The new list_reduce(..., initial)
has the signature
list_reduce(seq: T[], fun: (T, T) -> T, initial: T)
instead of the "correct" signature
list_reduce(seq: T[], fun: (S, T) -> S, initial: S)
which means it can't do anything that couldn't already be done with
list_reduce([initial] + seq, fun)
(the latter even has the advantage that you don't need to guess whether fun
or initial
come first).
In particular, the most simple fold, the identity on lists, isn't possible with the current signature constraint:
select list_reduce([1], (x, y) -> x || [y], [])
Binder Error: Cannot concatenate types INTEGER and INTEGER[] - an explicit cast is required
and the unnecessarily inserted casts to enforce an all-Ts-signature produce "obviously wrong" results:
select
y1: list_reduce([0], (x, y) -> if(len(x::VARCHAR) - 1, true, false), false), -- should be `true`, is `0`
y2: list_reduce([2], (x, y) -> ['3.1', '1.4'][y], 1) -- should be `1.4` is `1`
┌───────┬───────┐
│ y1 │ y2 │
│ int32 │ int32 │
├───────┼───────┤
│ 0 │ 1 │
└───────┴───────┘
Given that the new list_reduce(..., initial)
is logically just a rewrite of list_reduce([initial] || ...)

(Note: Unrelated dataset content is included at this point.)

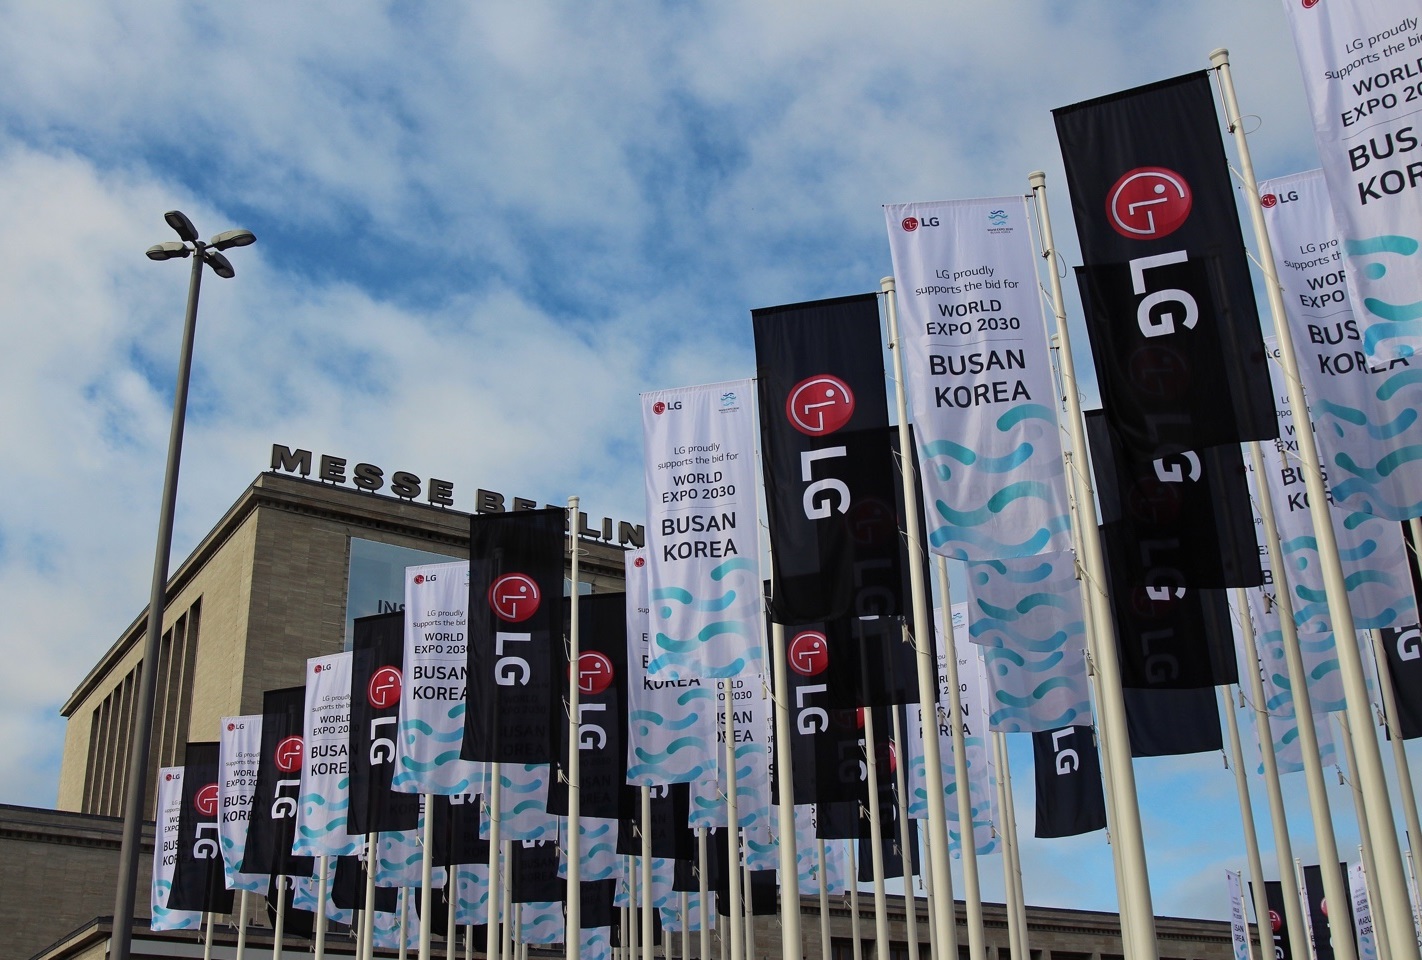 Partial view of Messe Berlin where promotional flags of LG logo and Busan's bid for World Expo 2030 were flying in front

it is not surprising that the latter produces the same results. That's just another reason that the initial
version shouldn't just be a rewrite though: In the rewritten form you can at least understand what's going on because [initial] || seq
must obviously be assigned some type and it is excusable that the type inference for that choice doesn't consider the lambda function. With an explicit initial
argument, on the other hand, one would intuitively expect that the types of initial
and seq
need not be in any relation and thus be surprised from resulting errors (or, worse, wrong results). In fact, I believe
list_reduce(<SeqExpr>, <LambdaArgAndValueExpr>, <InitExpr>)
should have the same type as the "super type" for <InitExpr>
and
<LambdaValueExpr>(<SeqExpr>[0], <InitExpr>)
If implementing that isn't as easy as I imagine, I'd argue that one should simply take the type of <InitExpr>
as given, and throw if <LambdaValueExpr>(<SeqExpr>[0], <InitExpr>)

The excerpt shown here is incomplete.